The average recovery in soil samples was determined for two fortification levels: 1 mg/kg for both substances, and 0.01 mg/kg for clomazone, and 0.005 mg/kg for metazachlor. Precision was calculated from the recovery experiments and it was expressed as RSD at each spiking level. For all pesticides, a percentage range of mean recovery and RSD was acceptable and amounted to 88–112% and 7–13%, respectively. The results obtained are presented in Supplementary Table S1.
Linearity of calibration curves in the “blank” matrix was studied over the concentration range between 0.01–2.88 μg/mL for clomazone and 0.005–2.12 μg/mL for metazachlor, by gas chromatography with a micro electron capture detector (GC-µECD) analysis with satisfactory coefficients of determination (R2) ≥0.99.
The limit of quantification (LOQ) for each pesticide were set at the lowest spiking concentrations (0.01 mg/kg for clomazone and 0.005 mg/kg for metazachlor), for which validation criteria, in the term of recovery and precision, were fulfilled35.

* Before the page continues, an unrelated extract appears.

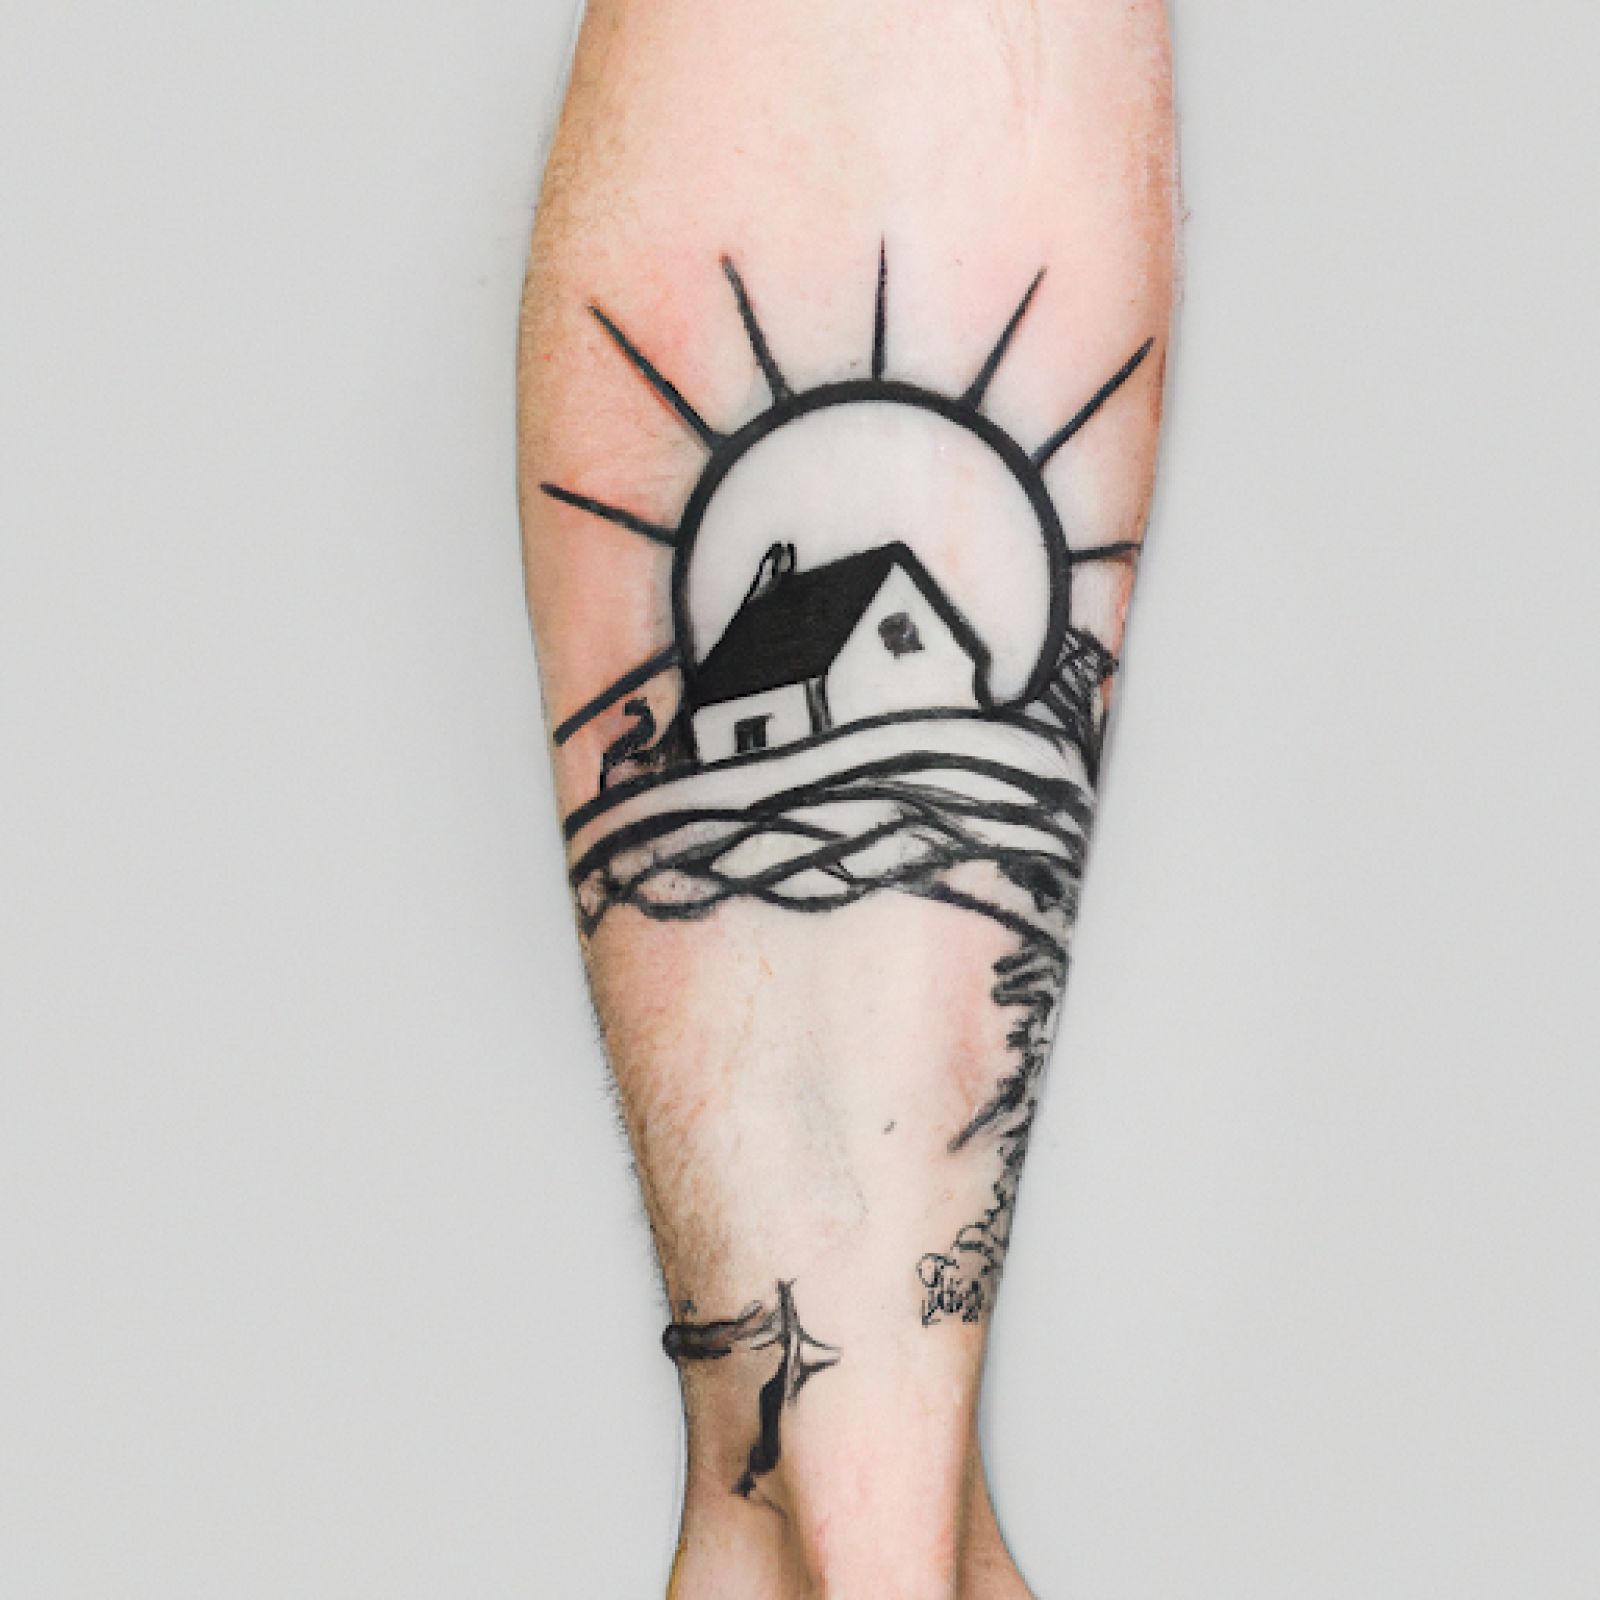 Watercolor tattoo on calf for men

The expanded uncertainty was calculated as twice the value of the uncertainty (k = 2, confidence level 95%) and ranged between 16% and 27%, with an average of 21%.
Modification and validation of clomazone and metazachlor method for analysis of rapeseed
A modified and validated QuEChERS method was used to analyze metazachlor and clomazone residues in rapeseed plants. The method for preparing rapeseed samples was modified versus the standardized method. The changes included reduction of the plant material weight to 5 g, addition of 10 mL of water, and a changed sorbent used for clean-up, i.e., we used florisil and PSA. Florisil sorbent is not listed in the QuEChERS method, but is suitable for chlorophyll removal, while PSA is recommended for clean-up of Brassica samples36,37. To check the effectiveness of the rapeseed extracts’ purification, the validation of plant samples enriched with the tested herbicidal active substances was conducted.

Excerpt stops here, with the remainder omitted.